◆ What to work on
Some entries follow. Reproduce exactly the lines starting at the one with "35 interesting facts about Tagine" and stopping after the one with "Tommy Wiseau's film".

(Records from a data collection)
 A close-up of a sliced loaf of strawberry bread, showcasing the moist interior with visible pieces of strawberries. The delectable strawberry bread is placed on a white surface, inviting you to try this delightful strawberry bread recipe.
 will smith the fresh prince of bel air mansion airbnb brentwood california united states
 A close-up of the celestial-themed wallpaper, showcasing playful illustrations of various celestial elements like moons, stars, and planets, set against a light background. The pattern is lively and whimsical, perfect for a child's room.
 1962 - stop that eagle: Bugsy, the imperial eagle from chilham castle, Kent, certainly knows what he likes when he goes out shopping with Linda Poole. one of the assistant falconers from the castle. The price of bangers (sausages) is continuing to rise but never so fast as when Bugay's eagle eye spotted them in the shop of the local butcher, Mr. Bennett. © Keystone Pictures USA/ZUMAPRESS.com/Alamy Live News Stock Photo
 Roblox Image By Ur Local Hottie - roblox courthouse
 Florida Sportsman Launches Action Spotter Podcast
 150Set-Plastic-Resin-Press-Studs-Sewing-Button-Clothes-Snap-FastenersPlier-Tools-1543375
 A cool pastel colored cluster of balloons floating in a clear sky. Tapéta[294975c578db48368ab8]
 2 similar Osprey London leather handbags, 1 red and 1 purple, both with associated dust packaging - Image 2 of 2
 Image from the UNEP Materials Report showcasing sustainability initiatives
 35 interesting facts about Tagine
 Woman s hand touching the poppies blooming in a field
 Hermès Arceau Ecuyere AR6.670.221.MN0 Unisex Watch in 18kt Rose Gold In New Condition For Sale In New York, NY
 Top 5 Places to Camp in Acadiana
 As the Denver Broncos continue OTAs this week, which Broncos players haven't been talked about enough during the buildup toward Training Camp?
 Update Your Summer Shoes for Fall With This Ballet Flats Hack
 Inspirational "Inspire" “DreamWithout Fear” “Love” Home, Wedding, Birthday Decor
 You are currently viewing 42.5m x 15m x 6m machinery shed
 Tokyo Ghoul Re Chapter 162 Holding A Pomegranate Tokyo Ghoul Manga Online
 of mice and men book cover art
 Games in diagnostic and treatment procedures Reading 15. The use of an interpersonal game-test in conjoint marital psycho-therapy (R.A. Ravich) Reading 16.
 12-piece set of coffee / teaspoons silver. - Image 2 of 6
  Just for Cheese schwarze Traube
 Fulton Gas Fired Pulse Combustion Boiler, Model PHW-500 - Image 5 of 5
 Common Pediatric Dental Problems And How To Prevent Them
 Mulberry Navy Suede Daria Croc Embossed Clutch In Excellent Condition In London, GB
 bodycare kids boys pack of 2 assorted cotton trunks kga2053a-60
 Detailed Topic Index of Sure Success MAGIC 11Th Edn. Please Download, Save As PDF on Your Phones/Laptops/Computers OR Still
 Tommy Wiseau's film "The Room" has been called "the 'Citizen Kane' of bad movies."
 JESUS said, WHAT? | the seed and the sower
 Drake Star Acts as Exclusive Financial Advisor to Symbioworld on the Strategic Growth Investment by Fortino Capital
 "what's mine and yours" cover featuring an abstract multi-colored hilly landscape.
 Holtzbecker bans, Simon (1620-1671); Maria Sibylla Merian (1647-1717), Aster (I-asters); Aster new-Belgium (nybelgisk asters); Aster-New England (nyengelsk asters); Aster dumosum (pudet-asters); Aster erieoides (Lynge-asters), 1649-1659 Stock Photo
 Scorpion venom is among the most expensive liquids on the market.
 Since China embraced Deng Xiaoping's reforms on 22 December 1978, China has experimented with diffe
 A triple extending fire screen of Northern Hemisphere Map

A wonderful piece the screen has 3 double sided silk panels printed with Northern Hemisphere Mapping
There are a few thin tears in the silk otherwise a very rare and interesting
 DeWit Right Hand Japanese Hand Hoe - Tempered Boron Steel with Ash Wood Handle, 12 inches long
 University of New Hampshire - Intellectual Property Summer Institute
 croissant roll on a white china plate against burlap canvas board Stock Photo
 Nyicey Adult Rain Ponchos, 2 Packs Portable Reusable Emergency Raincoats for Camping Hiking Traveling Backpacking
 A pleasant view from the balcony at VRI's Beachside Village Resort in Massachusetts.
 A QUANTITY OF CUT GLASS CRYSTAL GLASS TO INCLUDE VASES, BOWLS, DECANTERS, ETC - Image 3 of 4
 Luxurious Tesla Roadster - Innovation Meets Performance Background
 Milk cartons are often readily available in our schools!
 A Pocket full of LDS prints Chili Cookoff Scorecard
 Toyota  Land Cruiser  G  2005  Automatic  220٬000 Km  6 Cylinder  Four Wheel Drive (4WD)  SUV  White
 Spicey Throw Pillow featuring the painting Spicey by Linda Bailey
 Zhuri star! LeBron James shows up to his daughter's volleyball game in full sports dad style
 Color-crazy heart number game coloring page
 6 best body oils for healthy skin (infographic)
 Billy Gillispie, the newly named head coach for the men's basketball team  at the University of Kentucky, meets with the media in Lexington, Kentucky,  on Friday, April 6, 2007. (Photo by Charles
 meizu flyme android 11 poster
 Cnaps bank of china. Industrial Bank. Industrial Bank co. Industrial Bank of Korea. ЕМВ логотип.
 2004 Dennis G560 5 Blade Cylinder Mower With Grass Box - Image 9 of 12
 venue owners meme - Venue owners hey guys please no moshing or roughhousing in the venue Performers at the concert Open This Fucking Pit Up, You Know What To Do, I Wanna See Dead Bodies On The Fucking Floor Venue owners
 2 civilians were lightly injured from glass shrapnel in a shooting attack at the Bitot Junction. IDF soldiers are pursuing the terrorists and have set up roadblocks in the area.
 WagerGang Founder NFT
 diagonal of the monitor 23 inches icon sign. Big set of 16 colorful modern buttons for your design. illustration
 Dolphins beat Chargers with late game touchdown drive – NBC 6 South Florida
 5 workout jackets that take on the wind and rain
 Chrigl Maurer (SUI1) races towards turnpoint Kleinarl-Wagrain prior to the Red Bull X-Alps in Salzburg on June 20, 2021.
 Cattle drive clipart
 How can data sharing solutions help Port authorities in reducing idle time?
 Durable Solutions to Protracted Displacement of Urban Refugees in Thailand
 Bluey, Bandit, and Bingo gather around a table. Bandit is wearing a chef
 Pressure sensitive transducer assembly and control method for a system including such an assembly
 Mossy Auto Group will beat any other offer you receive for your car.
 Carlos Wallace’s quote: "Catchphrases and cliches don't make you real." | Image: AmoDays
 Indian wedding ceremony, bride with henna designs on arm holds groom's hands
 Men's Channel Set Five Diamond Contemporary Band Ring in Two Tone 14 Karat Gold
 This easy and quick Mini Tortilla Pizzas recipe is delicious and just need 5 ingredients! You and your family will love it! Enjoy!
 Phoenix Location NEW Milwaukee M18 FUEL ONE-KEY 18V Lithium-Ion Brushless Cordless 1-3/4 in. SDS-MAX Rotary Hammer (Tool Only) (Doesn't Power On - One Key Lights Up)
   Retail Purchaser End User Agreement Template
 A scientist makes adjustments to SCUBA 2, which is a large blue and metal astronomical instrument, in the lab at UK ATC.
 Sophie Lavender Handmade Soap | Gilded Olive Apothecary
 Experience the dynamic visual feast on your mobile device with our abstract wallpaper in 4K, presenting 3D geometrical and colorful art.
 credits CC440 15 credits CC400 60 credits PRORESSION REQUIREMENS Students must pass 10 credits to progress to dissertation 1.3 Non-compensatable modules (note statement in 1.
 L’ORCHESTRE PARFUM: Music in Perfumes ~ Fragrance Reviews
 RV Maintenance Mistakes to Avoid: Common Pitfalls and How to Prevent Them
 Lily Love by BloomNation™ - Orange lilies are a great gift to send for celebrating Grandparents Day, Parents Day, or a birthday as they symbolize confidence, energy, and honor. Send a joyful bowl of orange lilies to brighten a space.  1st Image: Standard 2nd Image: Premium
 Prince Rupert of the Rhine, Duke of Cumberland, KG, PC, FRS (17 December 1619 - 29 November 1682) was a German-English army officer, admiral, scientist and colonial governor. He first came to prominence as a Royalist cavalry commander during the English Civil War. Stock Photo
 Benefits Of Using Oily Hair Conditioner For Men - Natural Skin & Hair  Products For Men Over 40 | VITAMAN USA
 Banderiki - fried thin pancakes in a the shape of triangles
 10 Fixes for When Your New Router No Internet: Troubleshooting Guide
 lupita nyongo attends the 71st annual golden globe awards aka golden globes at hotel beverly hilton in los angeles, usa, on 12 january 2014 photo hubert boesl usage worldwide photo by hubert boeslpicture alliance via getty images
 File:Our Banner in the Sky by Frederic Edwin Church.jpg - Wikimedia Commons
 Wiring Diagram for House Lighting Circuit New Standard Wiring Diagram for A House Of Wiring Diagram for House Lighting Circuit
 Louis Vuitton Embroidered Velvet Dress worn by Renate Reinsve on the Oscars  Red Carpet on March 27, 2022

◆ Expected output
 35 interesting facts about Tagine
 Woman s hand touching the poppies blooming in a field
 Hermès Arceau Ecuyere AR6.670.221.MN0 Unisex Watch in 18kt Rose Gold In New Condition For Sale In New York, NY
 Top 5 Places to Camp in Acadiana
 As the Denver Broncos continue OTAs this week, which Broncos players haven't been talked about enough during the buildup toward Training Camp?
 Update Your Summer Shoes for Fall With This Ballet Flats Hack
 Inspirational "Inspire" “DreamWithout Fear” “Love” Home, Wedding, Birthday Decor
 You are currently viewing 42.5m x 15m x 6m machinery shed
 Tokyo Ghoul Re Chapter 162 Holding A Pomegranate Tokyo Ghoul Manga Online
 of mice and men book cover art
 Games in diagnostic and treatment procedures Reading 15. The use of an interpersonal game-test in conjoint marital psycho-therapy (R.A. Ravich) Reading 16.
 12-piece set of coffee / teaspoons silver. - Image 2 of 6
  Just for Cheese schwarze Traube
 Fulton Gas Fired Pulse Combustion Boiler, Model PHW-500 - Image 5 of 5
 Common Pediatric Dental Problems And How To Prevent Them
 Mulberry Navy Suede Daria Croc Embossed Clutch In Excellent Condition In London, GB
 bodycare kids boys pack of 2 assorted cotton trunks kga2053a-60
 Detailed Topic Index of Sure Success MAGIC 11Th Edn. Please Download, Save As PDF on Your Phones/Laptops/Computers OR Still
 Tommy Wiseau's film "The Room" has been called "the 'Citizen Kane' of bad movies."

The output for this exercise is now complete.